According to a second aspect of the embodiments of the present application, there is provided a data transmission method applied to a receiving end device, the method including:

receiving Forward Error Correction (FEC) coded data sent by sending end equipment;

determining FEC parameter adjustment factors according to the FEC encoding data;

and sending the FEC parameter adjustment factor to the sending end equipment so that the sending end equipment adjusts the FEC encoding parameter according to the FEC parameter adjustment factor, and sending FEC encoding data to the receiving end equipment according to the adjusted FEC encoding parameter.

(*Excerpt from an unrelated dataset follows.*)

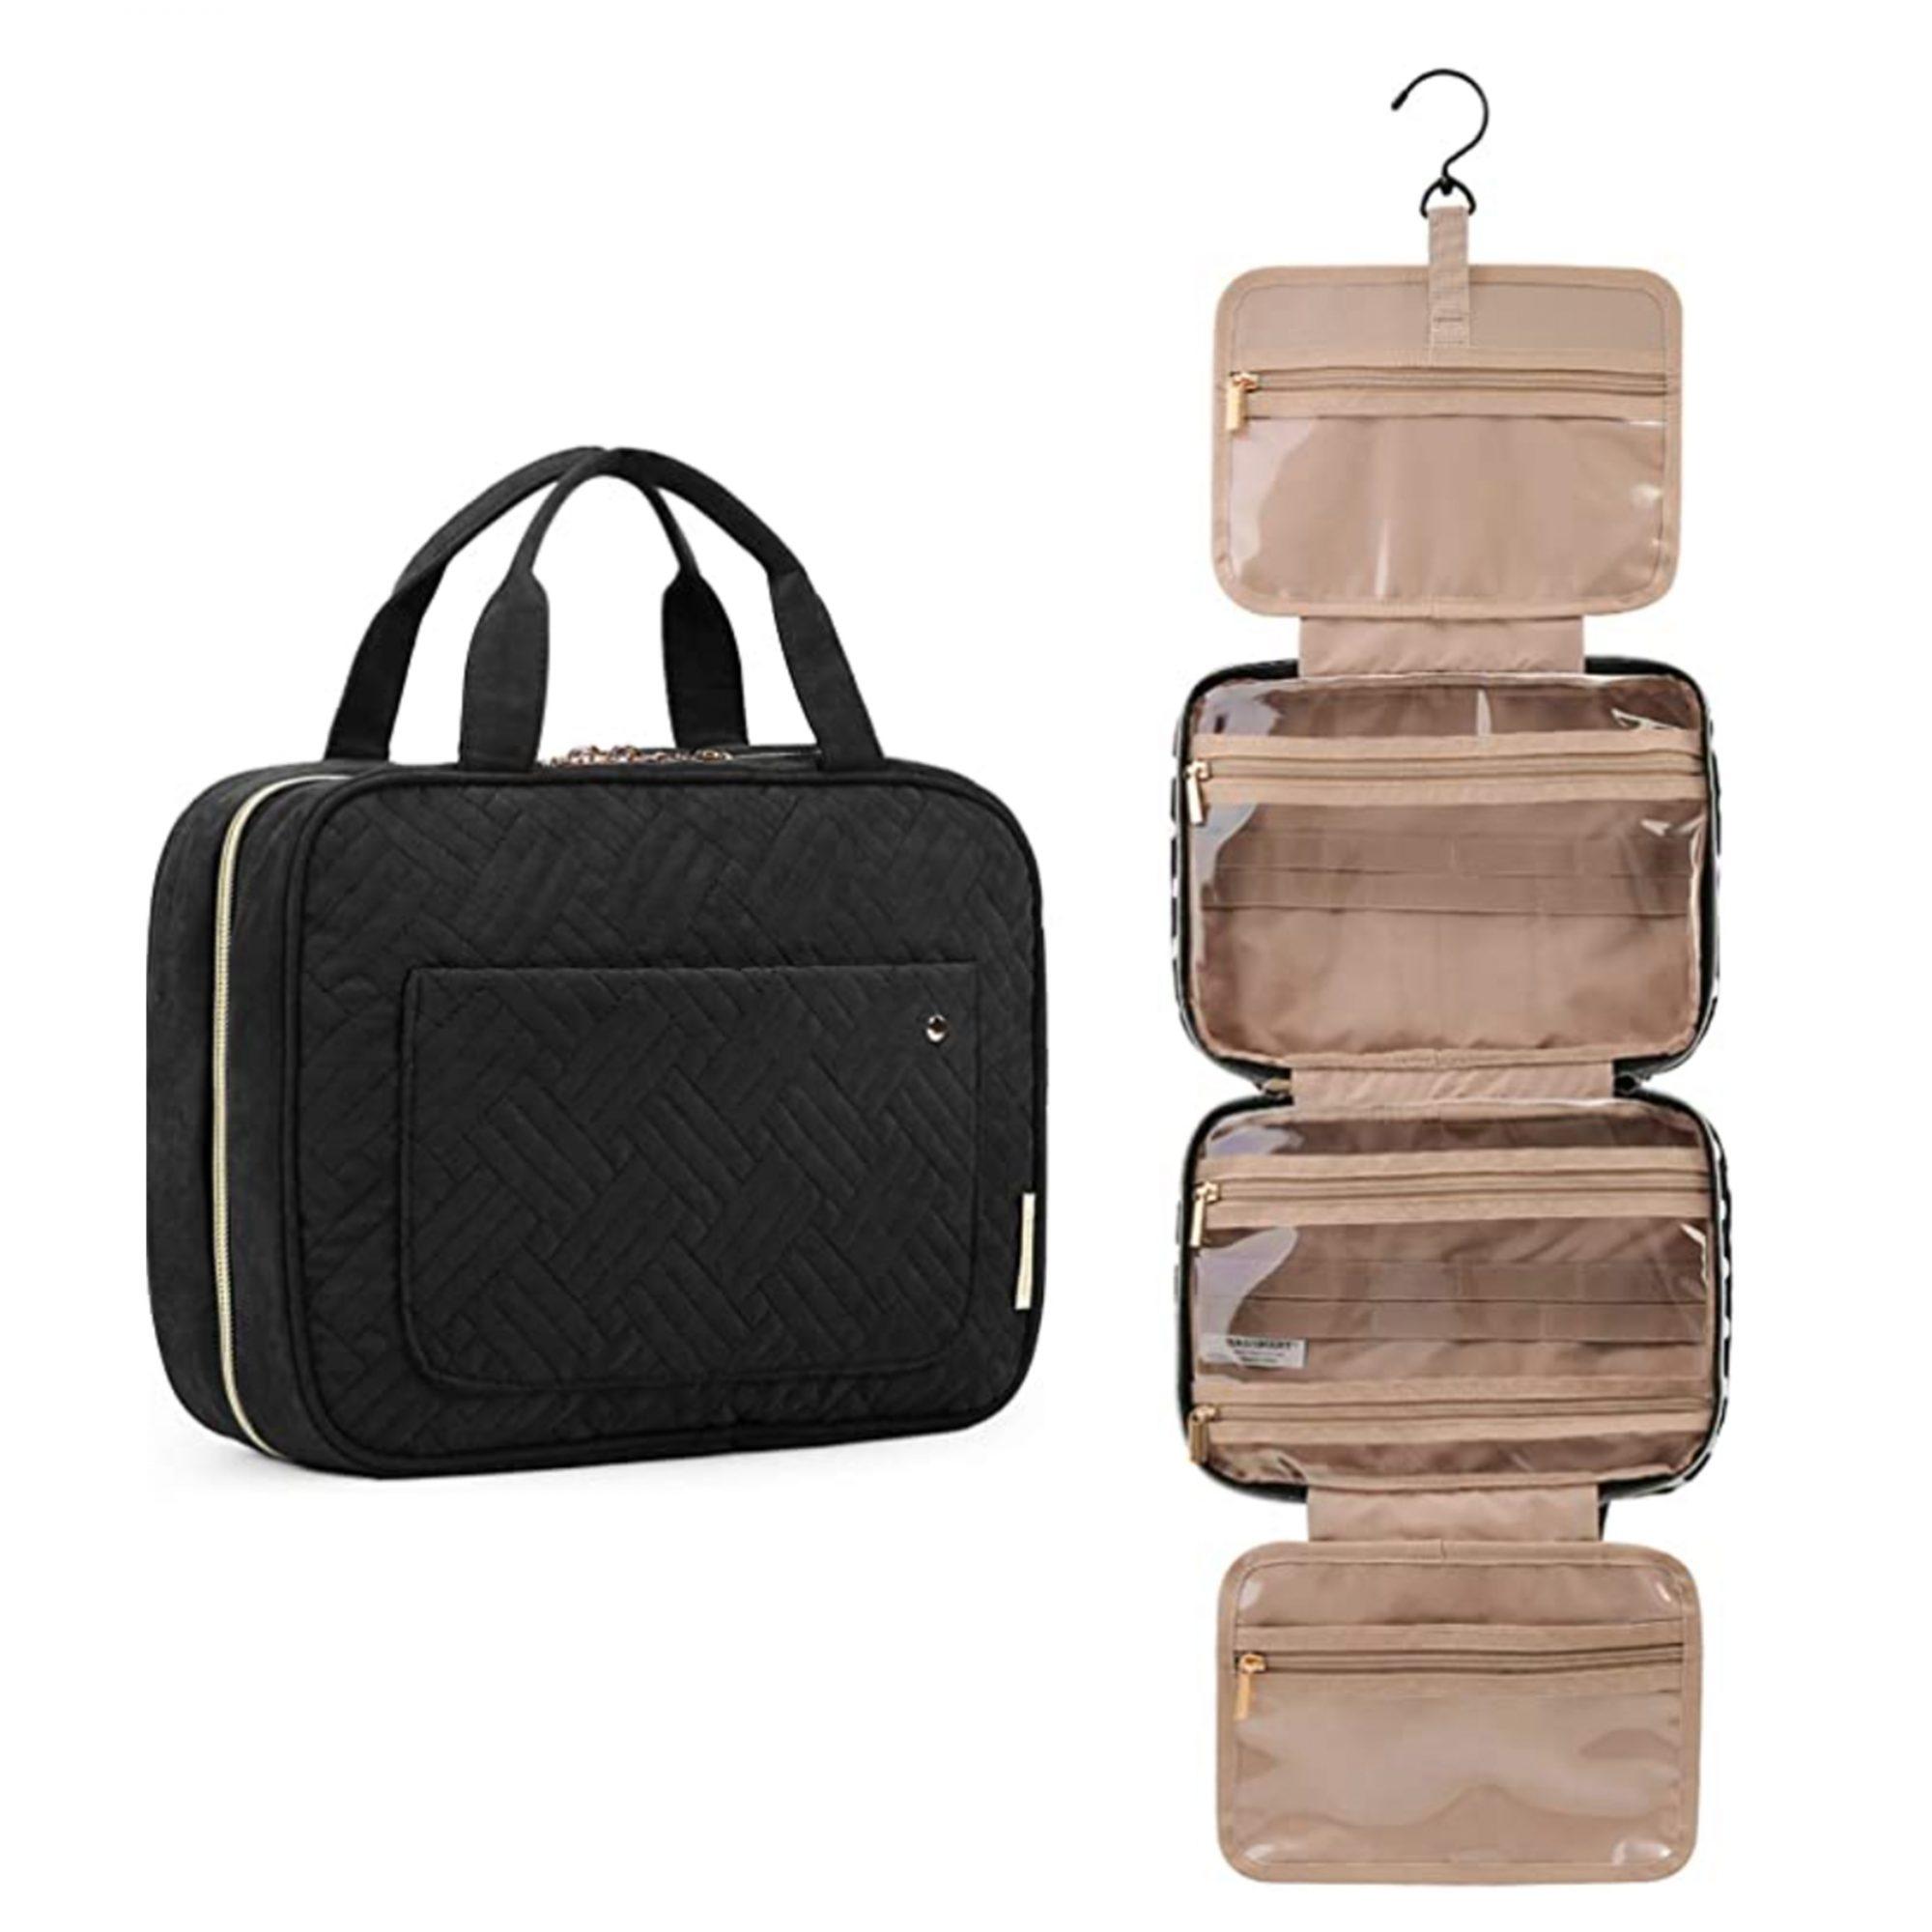 amazon-toiletry-bag, best-travel-bags

According to a third aspect of the embodiments of the present application, there is provided a data transmission apparatus, applied to a sending end device, the apparatus including:

a sending unit, configured to send forward error correction FEC encoded data to a receiving end device;

a receiving unit, configured to receive the FEC parameter adjustment factor sent by the receiving end device;

the adjusting unit is used for adjusting the FEC encoding parameters according to the FEC parameter adjusting factors;

the sending unit is further configured to send FEC encoded data to the receiving end device according to the adjusted FEC encoding parameter.

According to a fourth aspect of the embodiments of the present application, there is provided a data transmission apparatus, which is applied to a receiving end device, and includes:

a receiving unit, configured to receive forward error correction FEC encoded data sent by a sending end device;

a determining unit, configured to determine an FEC parameter adjustment factor according to the FEC encoded data;

and a sending unit, configured to send the FEC parameter adjustment factor to the sending end device, so that the sending end device performs FEC coding parameter adjustment according to the FEC parameter adjustment factor, and sends FEC coding data to the receiving end device according to the adjusted FEC coding parameter.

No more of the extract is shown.